# A basis for truth & INTP vs. INTJ stuff



## ManWithoutHats (Jun 2, 2012)

*<This post is a response to a private message that was too long to post as a private message. Nonetheless it might still be an interesting thread for anyone with enough time to waste reading it>*



Interesting indeed. I was afraid that might have been completely irrelevant to your situation but I'm glad it wasn't. It owes much to my reflections on my own philosophical development. The most important realization for me was the idea that trying to ascertain objective truth through science is not only arbitrary to the human experience but fundamentally impossible. 

I'm a little fuzzy on the details of your predicament, so I'm not exactly sure what direction to go as far as advice. If your main problem is that you can't find a foundation for resolving intellectual problems then I would recommend reading up on some of the great great thinkers who built their philosophies from a foundation of absolute skepticism or nihilism. Immanuel Kant's transcendental idealism is perhaps the most fundamental (since many of the others are heavily influenced by it). Beyond that, Nietzsche is probably essential for anyone trying to come to terms with what the hell truth actually is. Then there are Sartre and the Existentialists. I'm not really very familiar with the Anti-Realists and I'm sure there are numerous other great thinkers who would be relevant. Heidegger (who I know very little of) comes to mind. If you're not familiar with them and are interested, here are some links from the good old Internet Encyclopedia of Philosophy --
Kant, Immanuel: Metaphysics*[Internet Encyclopedia of Philosophy]
Transcendental Arguments*[Internet Encyclopedia of Philosophy]
Nietzsche, Friedrich*[Internet Encyclopedia of Philosophy]
Phenomenology*[Internet Encyclopedia of Philosophy]
Existentialism*[Internet Encyclopedia of Philosophy]

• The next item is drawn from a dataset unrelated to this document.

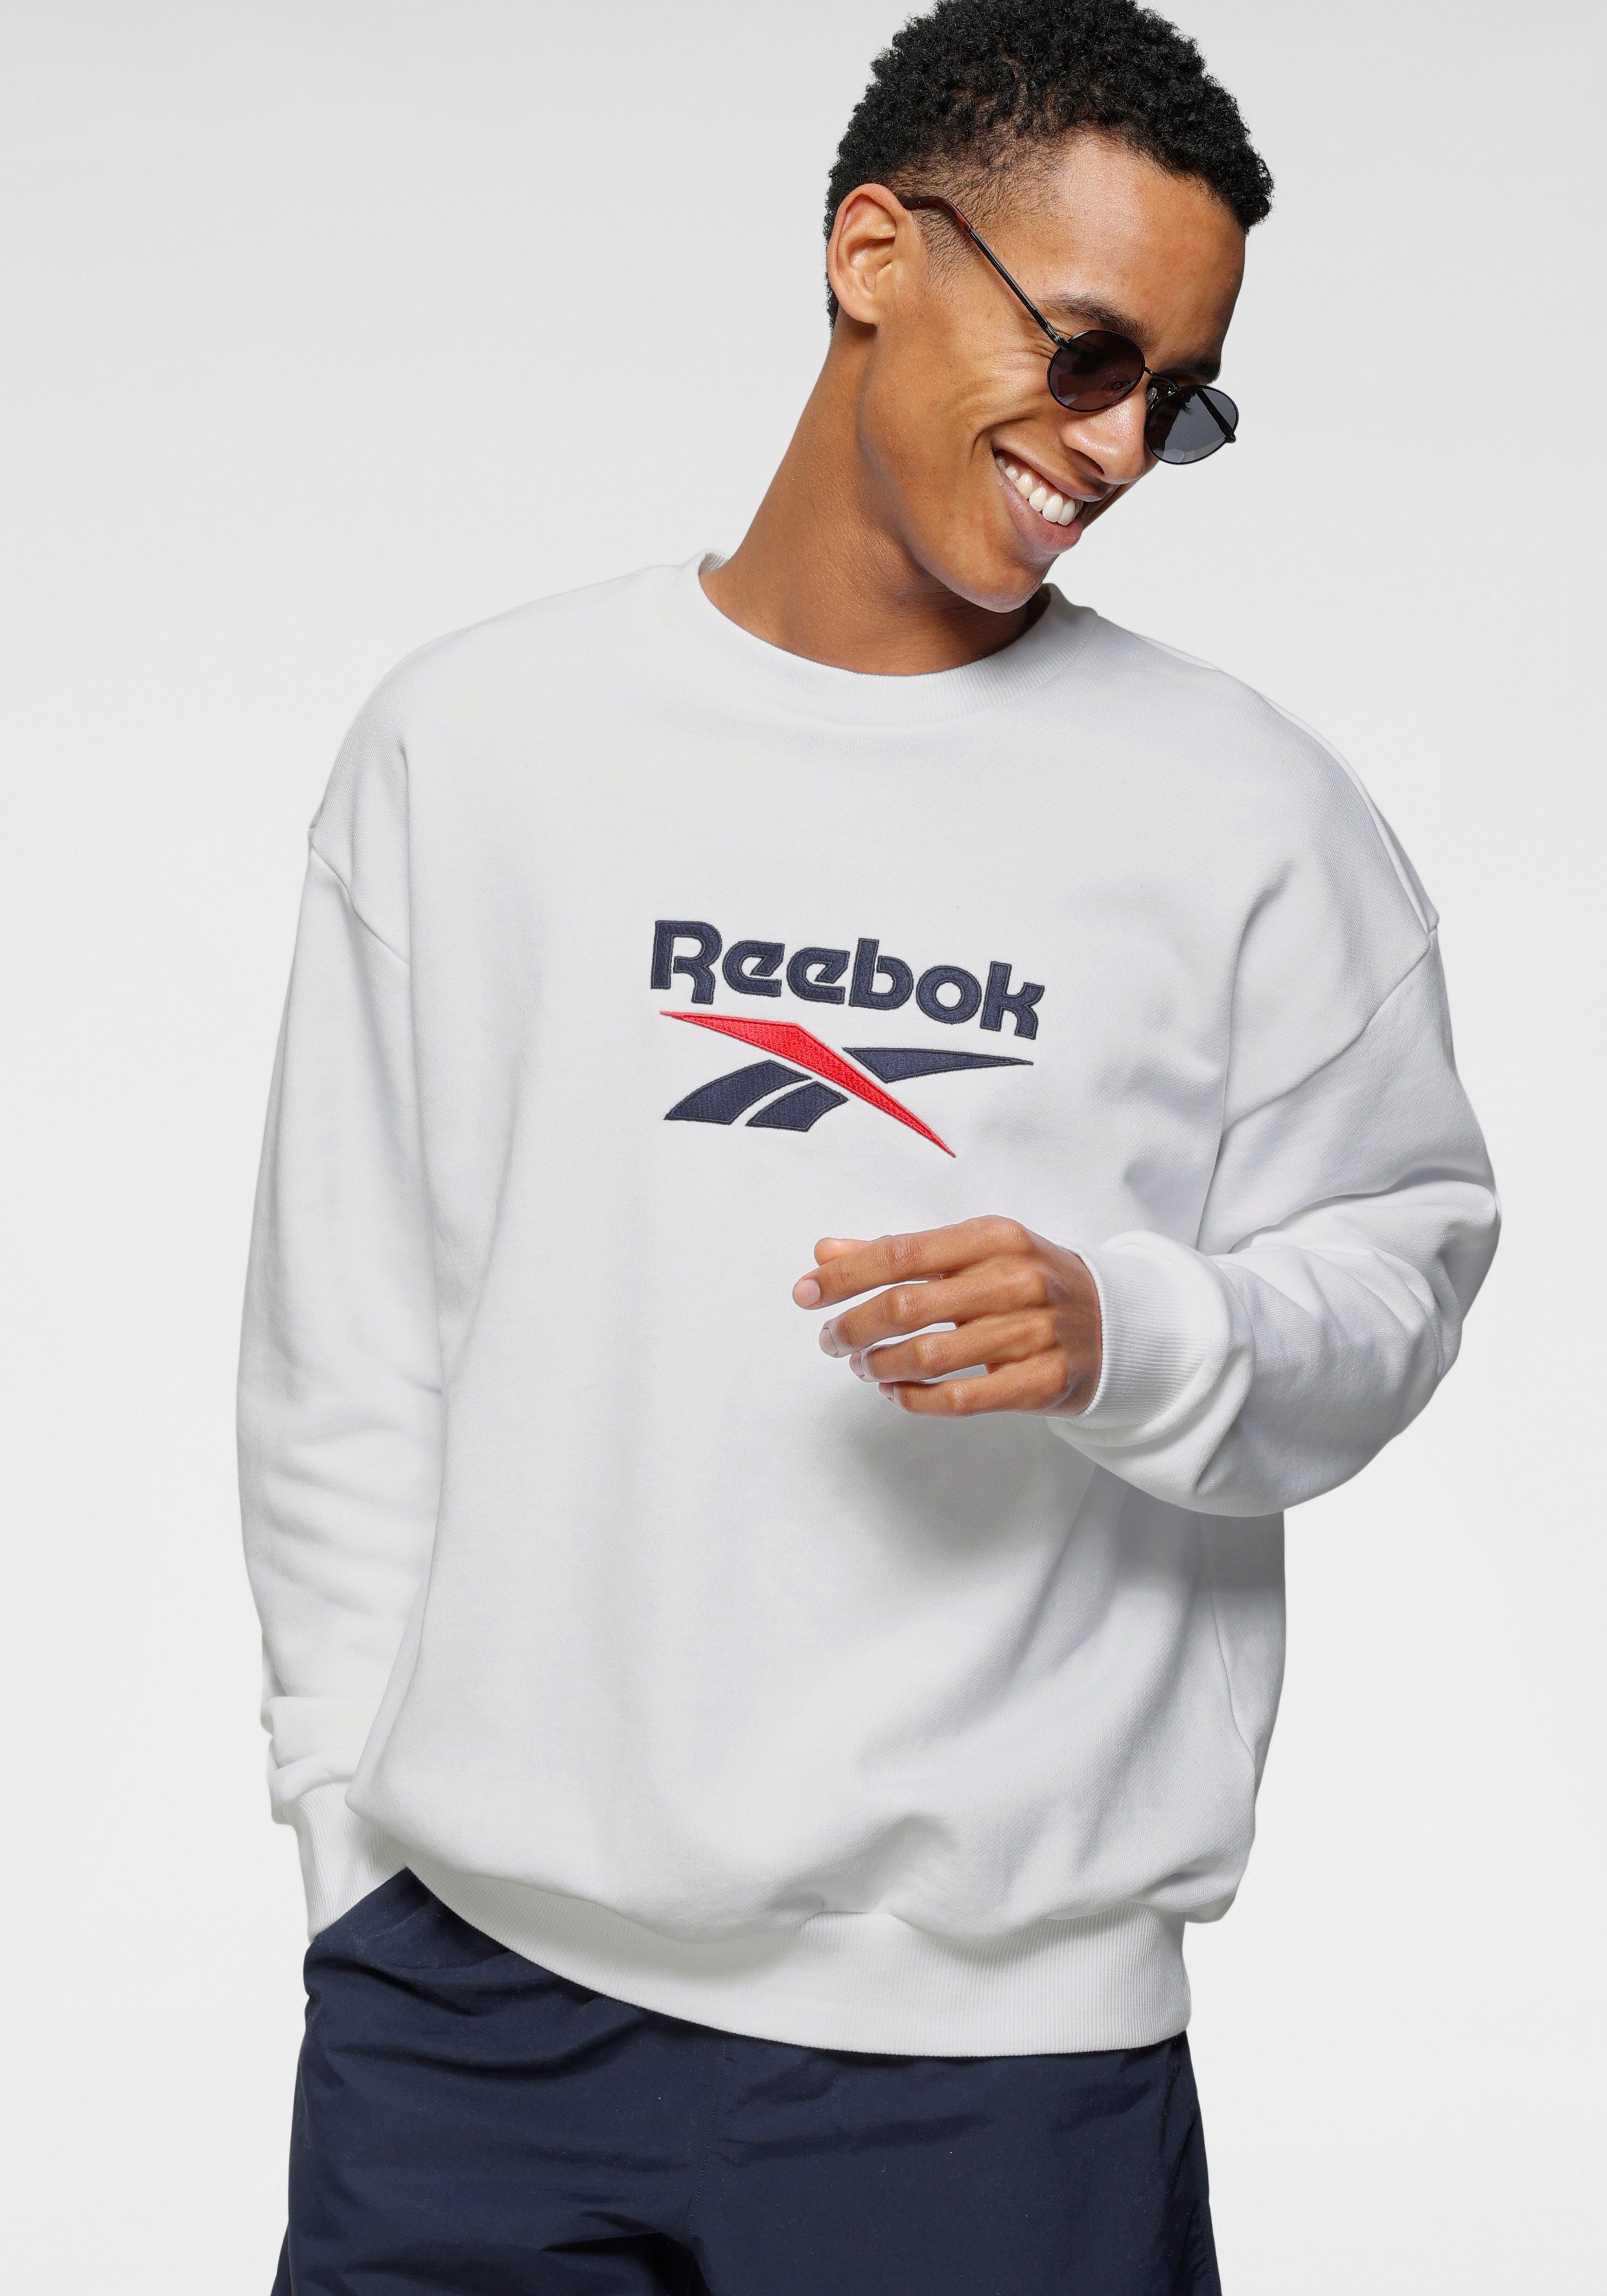 Reebok Classic Sweatshirt online kaufen | OTTO

If it's not so much that you lack a foundation for truth, but that your skepticism makes you unable to find a firm position on specific problems, then I would recommend searching out some thinkers who present original and thought provoking views on them. In our mass-populist-democratic society (assuming you live in the West and especially the U.S.), redundant mediocre ideas tend to flood the media and permeate in politics. For any well-minded novel thinker, this may promote a feeling of arrogance and a view that there are no good solutions or right perspectives, since shallow and sometimes blatantly naive ideas are often the most prominent and readily available on intellectual matters. For a particularly (what i consider) thought provoking site--
Piero Scaruffi's knowledge base

From what I've read, yours sounds like a problem that a lot of INTPs run into since they tend to think about everything as a part of some unified truth, INTJs are more likely to compartmentalize problems and search for specific answers before moving on to other problems. As a result INTPs sometimes feel like they can't find mental peace if they can't find answers that fit a convergent theory of truth, whereas INTJs tackle each problem specifically and are less stressed if the answers don't form a unified picture. 
To put it another way, INTPs are inductive thinkers; they develop a sort of personal system of truth (iT) as they take in new information on various problems(eN), striving for a coherent framework from which they can draw specific unified answers (the system itself is the priority, the problems at hand are the means for discovering it). INTJs are deductive thinkers; they generate unique solutions almost as hypotheses (iN) and use them to deduce answers to the problem at hand (eT), naturally providing ingenious solid answers but leaving the conceptual framework open. 
If the universe is a neglected run-down house, INTJs fix the plumbing in one bathroom, then another, then the kitchen, and then get to work on restoring the power with ingenious solutions for each; meanwhile the INTPs walk from room to room observing and redrawing the blueprints from scratch and seeing how the distribution of pipes and wires might have led to these problems. 
For one more thought, I find meditation extremely beneficial to maintaining a clear perspective among other psychological benefits. Art in all its mediums is also priceless (for me) in 'opening one's mind', to sound as cliche as possible.


----------